Mentre tutti preconizzano finali di partita alla maniera di Craxi o Andreotti o Enrico Mattei, per Buttafuoco la sorte del Cavaliere è già entrata nell’happy ending. «Se si toglie dallo scenario attuale il tassello Berlusconi, crolla tutto. Nemmeno l’antagonismo programmatico saprebbe più raccapezzarsi. Come accadde quindici anni fa, quando nessuno paventava l’improvvisa scomparsa della Democrazia cristiana, anche ora l’infarto delle istituzioni sembra approssimarsi rapidamente». Berlusconi rappresenta un’anomalia strana e vincente - l’antipolitica che governa - anche con le sue derive sgangherate. «Berlusconi è un’icona pop. Non c’è nulla di più ovvio che farne un racconto pop. Anche perché a lui manca il senso del tragico. Per questo ha saputo occupare le fantasie e le preoccupazioni dell’intero Paese. Il giorno in cui si chiuderà il sipario finiranno al macero anche tutti i giochi e le scommesse su possibili successori, delfini, numeri due, del resto già ora a un passo dall’obitorio, politicamente parlando».

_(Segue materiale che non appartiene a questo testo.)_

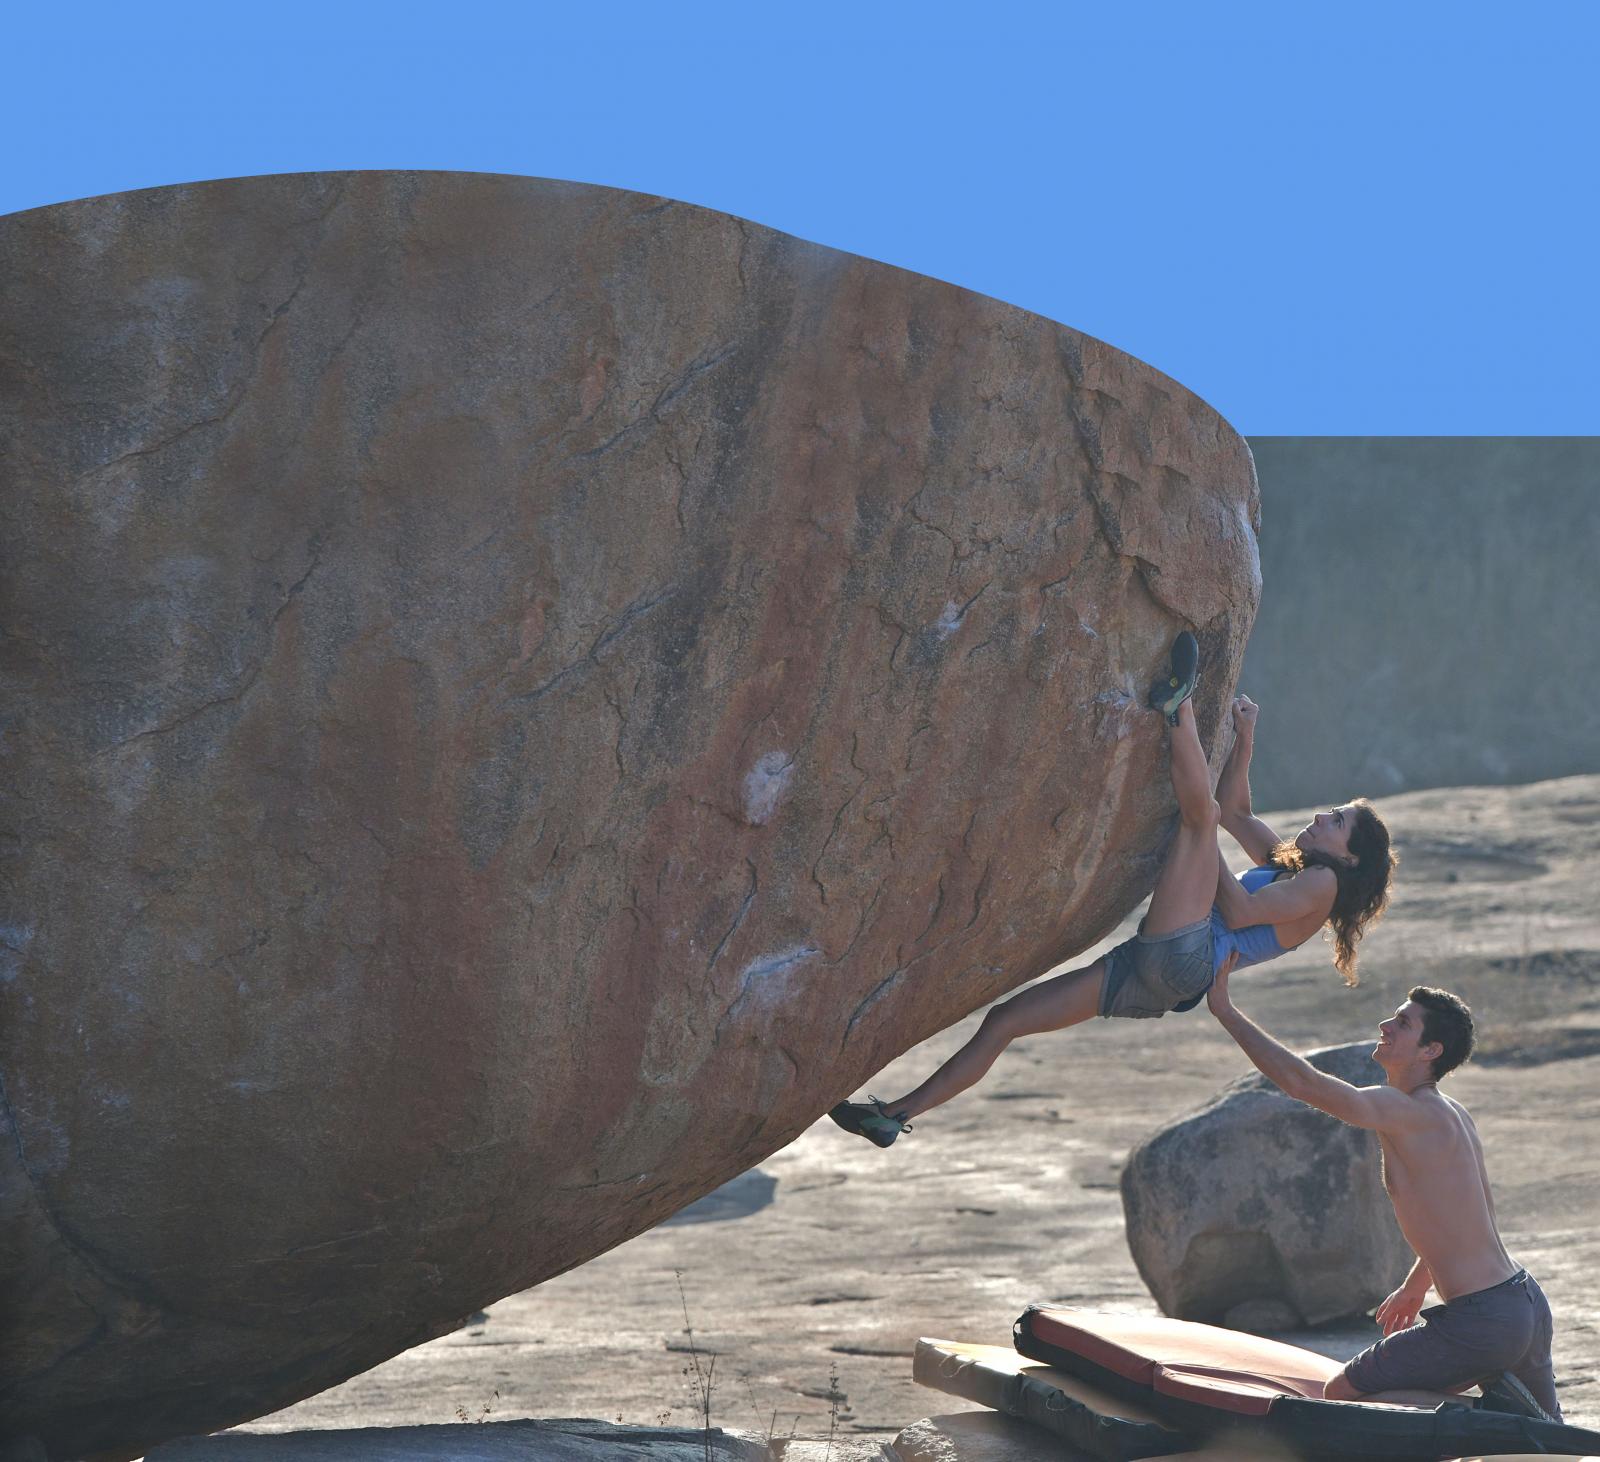 You see boulders everywhere. An...or climbers all over the world.

La pièce che Buttafuoco ha in mente comincia proprio dall’Happy Ending (potrebbe essere questo il titolo) «con Berlusconi e il suo amico don Verzè, due meravigliosi vecchietti immersi nella beatitudine di una spiaggia incantevole e remota» che, sorseggiando tamarindo, riavvolgono il nastro della storia nella quale hanno lasciato segni profondi, ben più dell’Avvocato, ridimensionato a elegante comparsa nell’éra del Cav. Oppure, più maliziosamente, recuperando trascorsi e traversie da pigmalione, il titolo potrebbe essere My fair papy, concessione all’anima più sulfurea della sinistra morettiana. L’interprete? «È ancora da scegliere, ma Antonio Albanese sarebbe perfetto. Cercare la somiglianza fisica è un errore. Nel musical contano le sfumature, le doti artistiche. E la forza del personaggio prevale sull’attore.

In un momento in cui non si fa che parlare del corpo delle donne», osserva l’autore di Fimmini (Mondadori), depositario di una concezione virilmente galante dell’universo femminile, «raccontare il corpo del capo, del Fregoli dai mille volti, del Presidente-operaio, casalingo, partigiano, seduttore sarà un gran divertimento».